There is a river from Platteklip Gorge on Table Mountain, that used to flow above ground, all the way to the sea. Jan van Riebeek built the VOC Castle right next to the mountain river due to the strategic importance of the water. The reason for the creation of the VOC post at the Cape of Good Hope was to sell water and food to passing ships.

I remember that construction started on the dam in 1877 since the city fathers saw the water running into the sea from the mountain as a waste. It was completed in 1881 which is ten years ago. (1) Both Minette and I have always disagreed with our city fathers on how they altered the landscape. We would prefer for things to have staid natural and wild. Recently they forced the glorious river underground. It would have been a much better plan to keep the river intact and undisturbed. I fear we have lost an important feature of the land forever. Then again, how is that different from losing countless wild animals to mindless hunting.

I will bring up the matter of conserving our land for future generations with David when we meet again. I sent a letter to Oscar yesterday asking him to go out of his way to meet with David to discuss refrigeration for our bacon plant in Cape Town.

Waterfall that became the mountain stream that ran from Platteklip Gorge to the sea.  Now, into the Malteno Dam.

Waterfall became the mountain stream that ran from Platteklip Gorge to the sea. Now, into the Molteno Dam.

I am glad that they will be discussing refrigeration since this single invention has the most profound impact on curing bacon as it has on all meat production, processing and trade. In southern Africa, we don’t have the climate of other nations that makes ice from frozen rivers and lakes available for the kind of refrigeration they use in Calne and the distance to countries that could supply us is so great that it will make such an endeavour very expensive.

The fact remains that the ability to freeze or chill meat is of crucial importance to the curing of bacon. That we presently do not have electricity in Cape Town and therefore do not have refrigeration plants explains to me, on the one hand, the heavy salting that David has practised at Combrink & Co and gives a time frame for the start of our own curing plant.
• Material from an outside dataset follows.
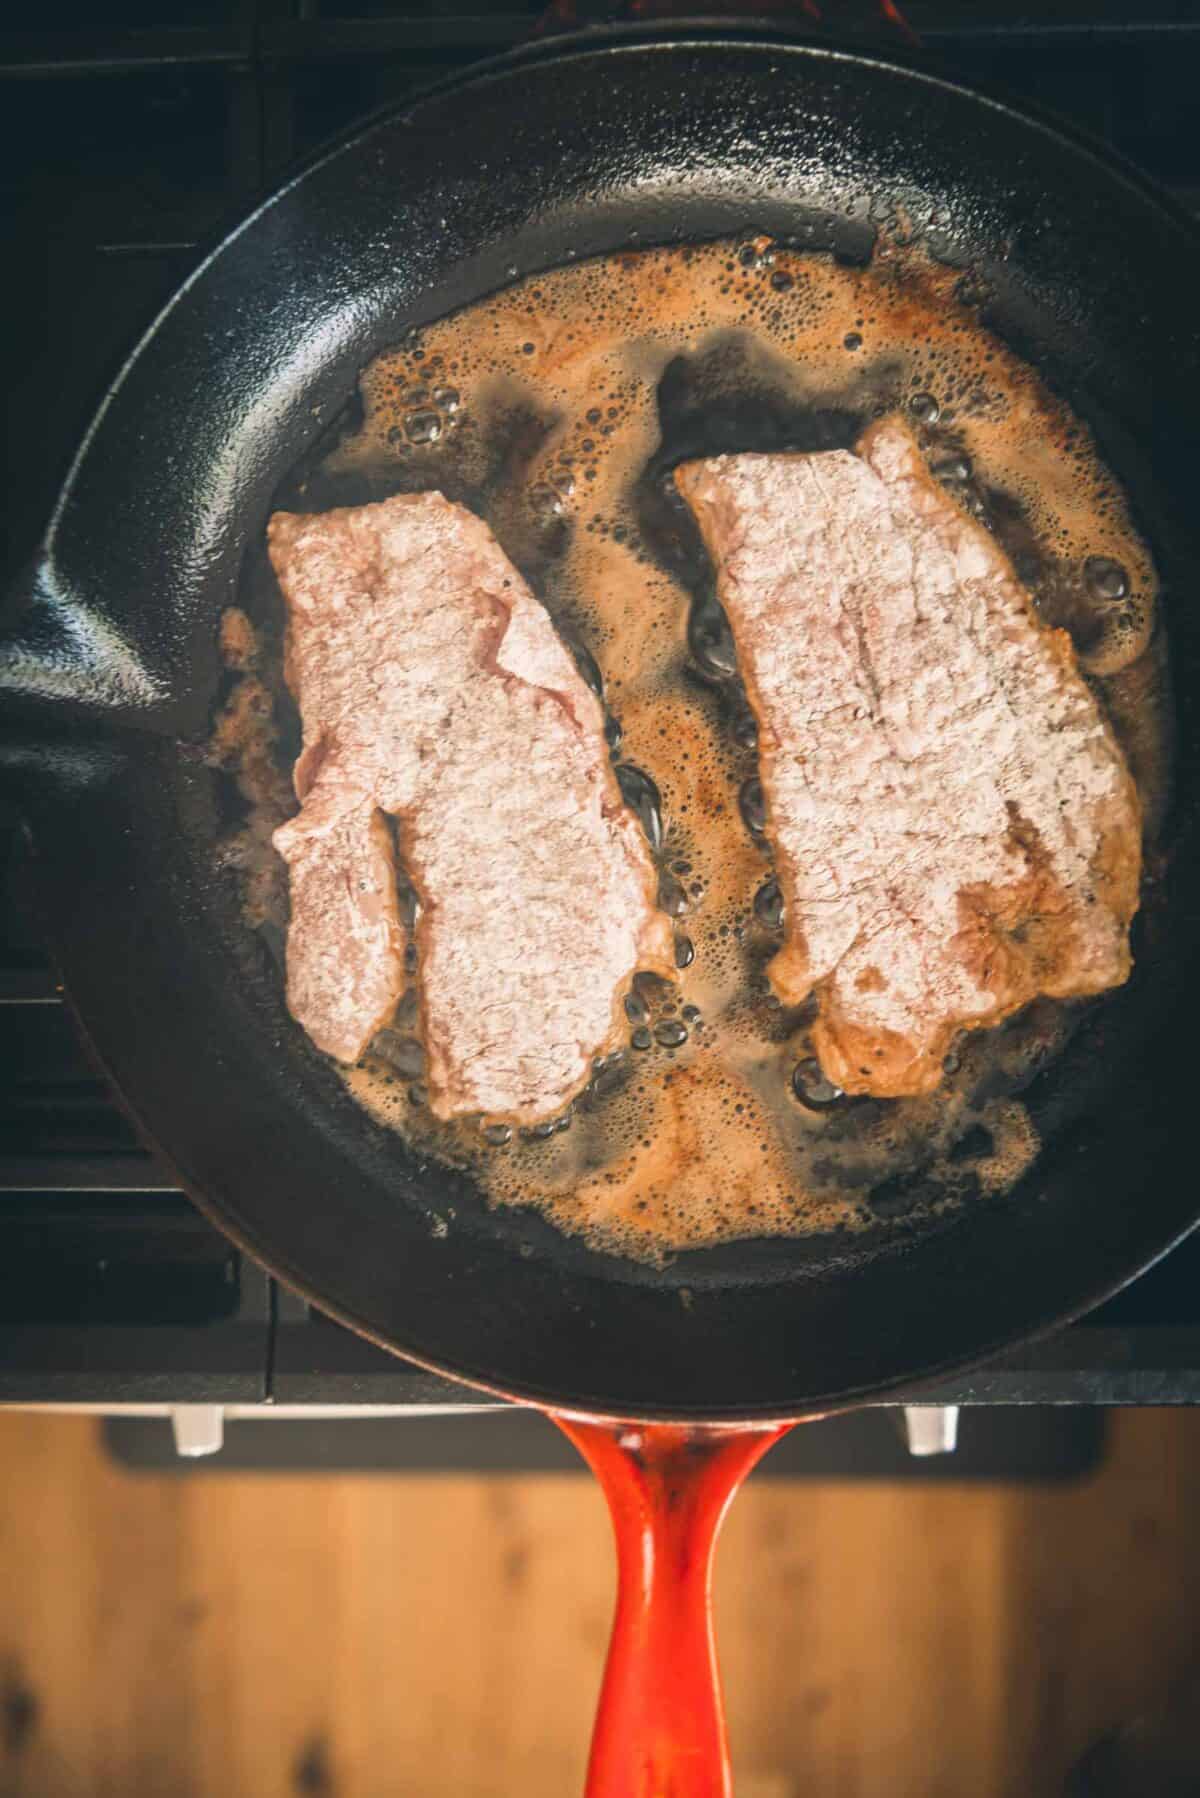 Veal cutlets in a frying pan on top of a stove.

We can not do it before David has constructed the electricity plant at the Molteno dam. That is, of course, if we can use some of its electricity. I heard that he intends to use it exclusively to power streetlights for Cape Town which I assume is only the first step of a much wider drive for electrification.

Refrigeration, as Oscar and I discovered, will allow us to cure bacon in warm climates such as we have at home of the same quality as it is done here in England, Denmark, Germany, and Holland. The colder the meat and the brine, the better we will be able to control the growth of bacteria and the meat will not spoil before it has cured through.

The reason why I am writing to you about this is that I have always thought of Cape Town as probably lagging far behind the rest of the world in terms of development. Despite the major scientific discoveries that came from Bowood and Calne and the fact that Harris is the centre of the bacon universe, they also do not have electricity. It seems to me that Cape Town can be ahead in its material development when compared with many other parts of the world. I observe that men like David are key in bringing about leadership in the world. I am humbled by the hope that Oscar and I will be able to at least be in the same league as many of the leading bacon producers in the world through diligence and vision.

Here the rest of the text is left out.